Issue 4. Leveraging its market power to enter the downstream market in contravention of section 4(2)(e) of Act CCI (main)
The CCI charged Schott Glass guilty of the breach of the above provisions. It referred to the profits earned by Schott Kaisha and linked it to favorable treatment on account of discounts. The Appellant being dominant in the upstream market and with its Long Term Tubing Supply Agreement with Schott Kaisha; its vertically integrated firm was earning profits in the downstream market too. To establish this instance, the CCI corroborated the statements of all interested parties. Held, Schott Glass guilty of contravening section 4(2)(e).

CCI (minority)
In order to be guilty of section 4(2)(e), there have to be two markets, wherein the guilty party had presence. It did not agree with the CCI’s observation that Schott Kaisha was at an advantageous position because of its JV with Schott Glass. Further it observed that the neither the DG nor the CCI pursued case against Schott Kaisha and it failed to join them as a party in the case before CCI. Schott Glass on its own had no presence in the downstream market, the provisions of section 4(2)(e) cannot be applied. In the absence of any evidence that Schott Kaisha was being favoured to leverage itself in the downstream market breach of section 4(2)(e) cannot be implied. Further, the factors relied by CCI are not applicable as those were prior to the enforcement of section 3 and 4.

Compat
Therefore, both conditions being absent, it set aside the findings of the CCI main order. It upheld the minority observation and exonerated Schott Glass from charges of section 4(2)(e).

Decision
The COMPAT allowed the appeal by Schott Glass, thereby setting aside the order and penalty awarded by CCI. Further, it dismissed the appeal filed by Kapoor Glass with cost for lack of bona- fide and imposed a fine of Rs.1,00,000/- (rupees one lakh).

Analysis of the order
The COMPAT in this case has stuck to the competition principle that “Being big is not bad. Being big and abusive is bad insofar as the competition culture is concerned.” A detailed analysis of the case revealed the long standing strained relation between the two companies. Not to tout it as a regular corporate war alone, the COMPAT, in this case, has laid down precedent-setting principles.
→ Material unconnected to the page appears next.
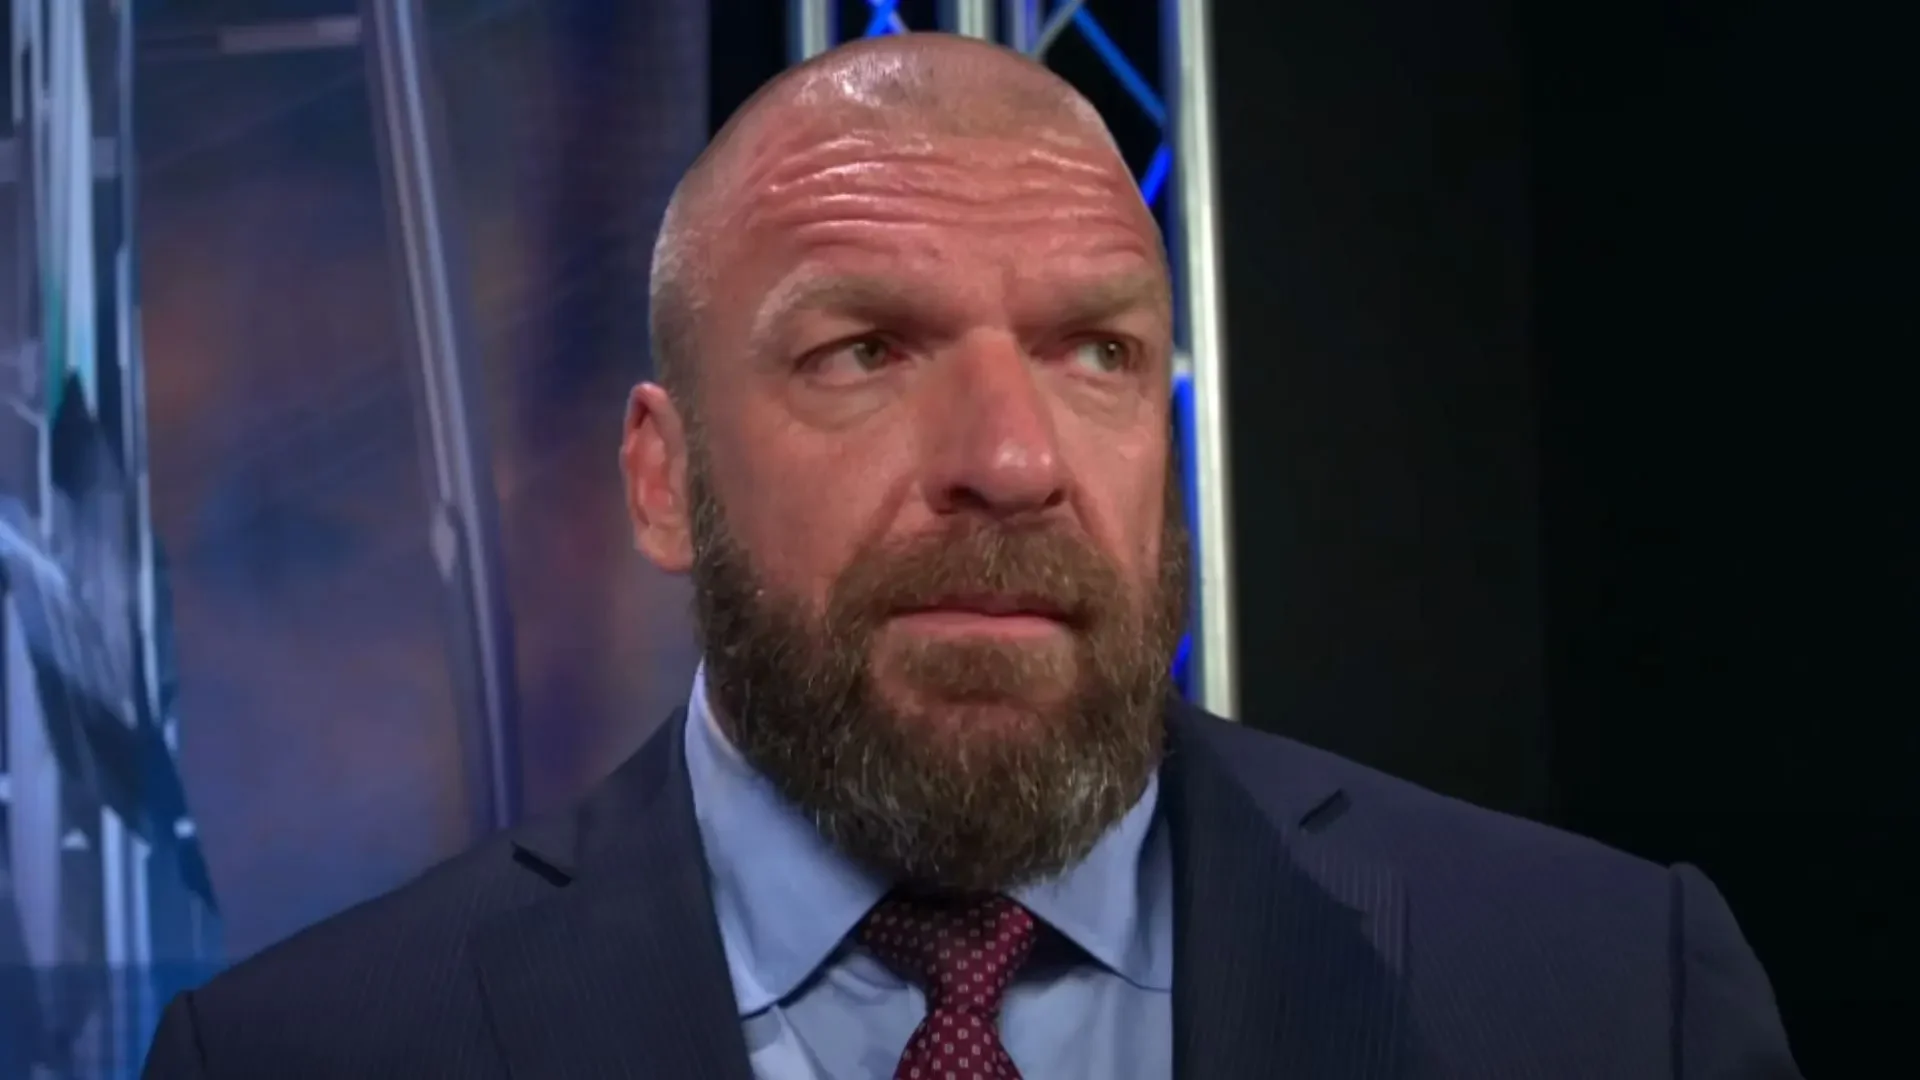 Triple H Reportedly Tests Positive For COVID-19, Steps Away From WWE Duties

This case has unfolded many principles which can be taken as competition jurisprudence. First, the fact that the CCI while framing the charges and corroborating the statements of the Convertors, did not give an opportunity to the other party to cross – examine, was found to be improper on the part of CCI to straight away accept the statements on oath by the Convertors who can be biased because of its ulterior business motives. This amounted to denial of natural justice to the other party. Second principle, “discounts per-se” is not anti-competitive. Transactions of different volumes cannot be equivalent transactions warranting equivalent treatments from the seller and therefore, discount schemes could not be deemed to be discriminatory for setting different price conditions to identical transactions with different buyers. There is a difference between “equivalent transactions” and “identical transactions”. Third principle deduced herein, is that the past conduct/ behaviour of the parties will also affect the contentions of the case- the test of bona fide as well as malicious past intent. To stress on this, the COMPAT imposed a fine on the informant whilst dismissing the appeal.